Not Embracing a Semantic Layer is Embracing Failure
As much as LLMs have improved in quality over the years, getting them to consistently write accurate SQL remains an unsolved problem. The BIRD text to SQL benchmark, the most popular in the space, has shown constant improvement in the ability of LLMs to write accurate SQL queries over the past few years. However, accuracy has not grown to the point where a nontechnical data user can ask a question and reliably get a correct answer without intervention. If the maintainer of a dataset has provided enough context to reliably calculate these metrics (say, with a metrics layer), then the likelihood of a correct answer increases.
Tools like dbt have shifted data analytics over the past 10 years, formalizing the concept of transformations and adding rigor. However, too much reliance on dbt, especially for things like rollup tables, can make your analytics inflexible and less valuable. Maybe your monthly rollups are consistent with your weekly and daily rollups, but you lose the ability to aggregate on demand. There's a good chance you now have 3 files with distinct calculations of the same aggregate metrics or best case, have a complicated, brittle jinja setup to calculate the variations of the same table at different time grains. Don't even get me started if you want to join against another record set when doing exploratory data analysis, or if your analysis is even less structured and all queries are adhoc.
While they might initially seem overly complicated, semantic layers are just a mapping of the relationships between the tables in your warehouse and canonical definitions of the metrics that your organization relies on. It's even possible to programmatically generate a usable semantic model definition from warehouse query history by parsing the queries and applying statistics.

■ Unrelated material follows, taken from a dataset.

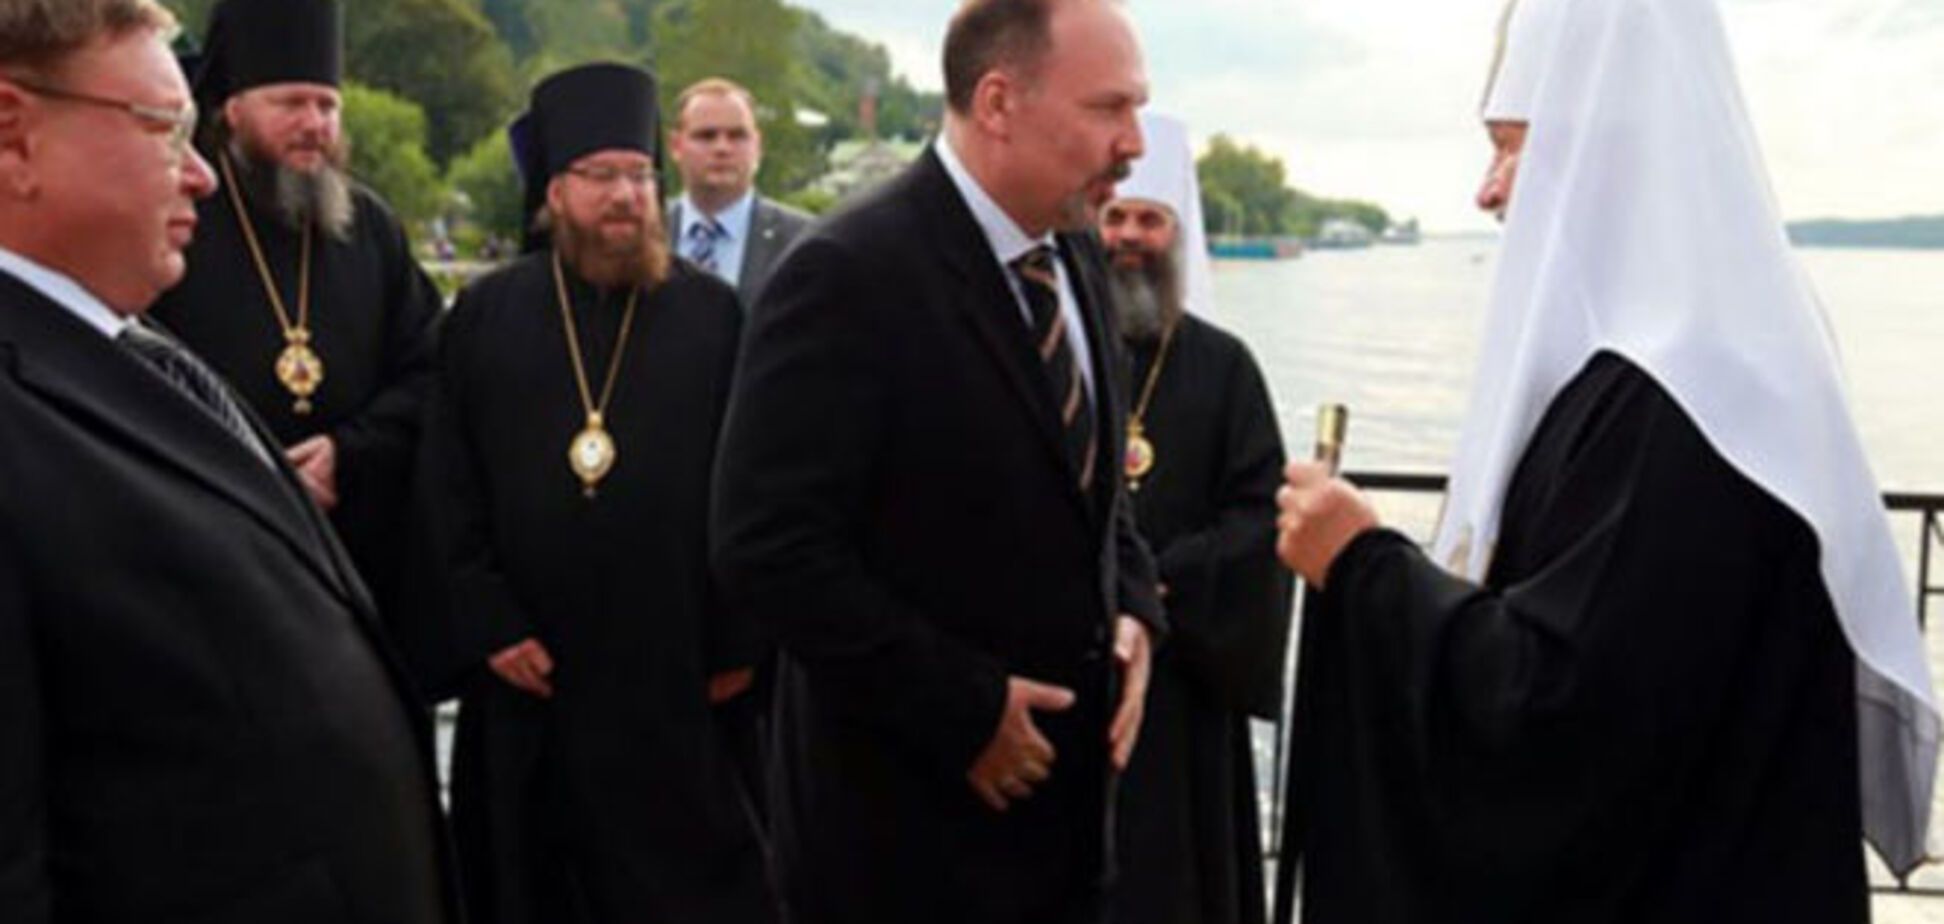 Патріарх Кирило прибув до парафіян на особистій люксовій яхті: опубліковані фото

Each BI vendor seems to have their own semantic model format these days, each with their own special twist. Some let you maintain ultra-flexible graphs where you can combine metrics across tables without ever checking a join fan out. Others are tightly coupled with visualization layers and force One Big Table style data modeling instead of handling the nuances of joins. One of the core benefits is never having to redefine a calculation again.

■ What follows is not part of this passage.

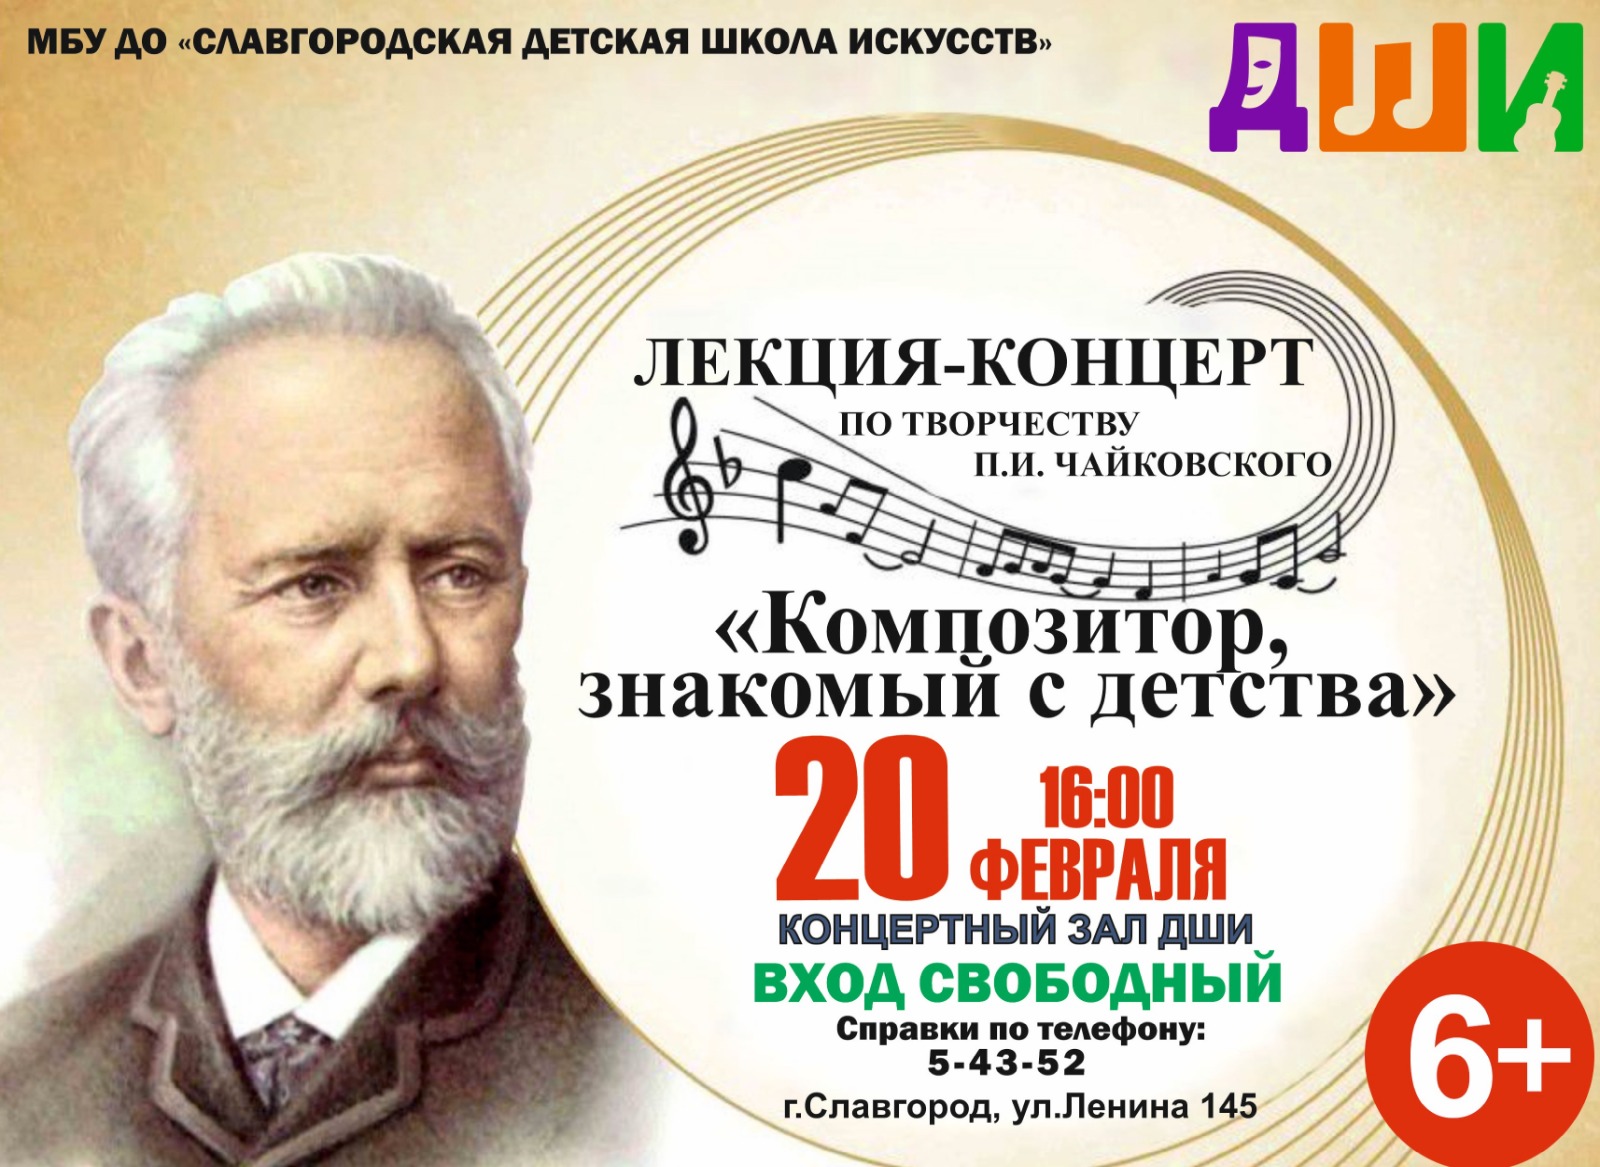 В Славгороде состоится лекция-концерт по творчеству П.И. Чайковского.

Accessing the data from semantic layers has historically been a mixed bag. Obviously anything from a BI tool vendor is generally well supported in that tool. Recent semantic layer efforts have also exposed data in other forms: through REST or GraphQL APIs, through a Postgres wire protocol compatible server, or through SDKs. Another approach is to convert the semantic model definition to a format that can be read directly by each tool. This translation is possible with a number of BI tools, but becomes increasingly challenging when proprietary query languages are used to represent metric definitions.
Sidemantic is an ambitious metric layer from Sidequery that supports metric definitions in more than 15 formats. It supports incremental adoption so you can build on pre-existing semantic definitions that you have. You can mix and match definition formats and join between them: for example if you started switching from LookML to Malloy but are still in progress, those models are interoperable in Sidemantic. Sidemantic includes an experimental Postgres wire protocol server to use metrics in other tools, so you can more or less query metrics from your metrics layer as if it were plain SQL. Also included is a Python SDK & Jupyter widget to make exploring metrics a piece of cake.

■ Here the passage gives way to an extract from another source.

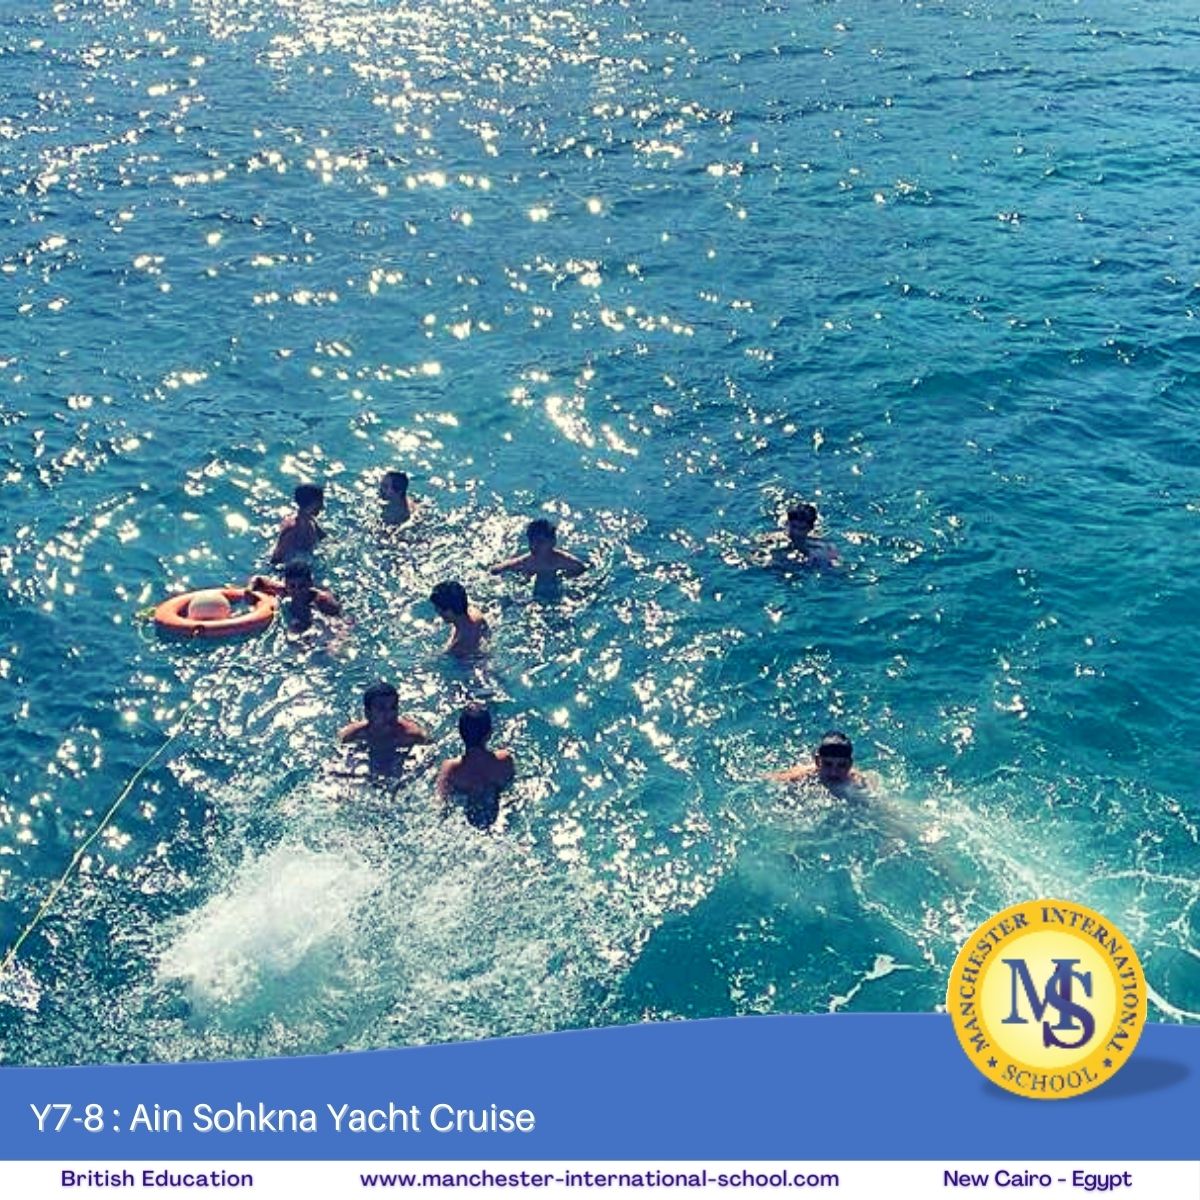 Y7-8 Ain Sokhna Yacht Cruise

That said, semantic layers are not always the perfect solution for analysis. It's challenging to capture all context in a premeditated way. You will inevitably end up writing queries outside the bounds of the semantic layer, and that's actually part of the workflow, a feature, not a bug. You may eventually formalize that adhoc analysis into something that becomes an important metric. In fact, query history can be automatically monitored and new metrics automatically suggested based on query patterns.
You might push back: this sounds like a lot of work. But I'm not convinced humans are even going to be maintaining semantic layers so much as AI doing so. The best engineers are already letting AI write all their code; it's coming for analysis as well, so why not semantic layers too?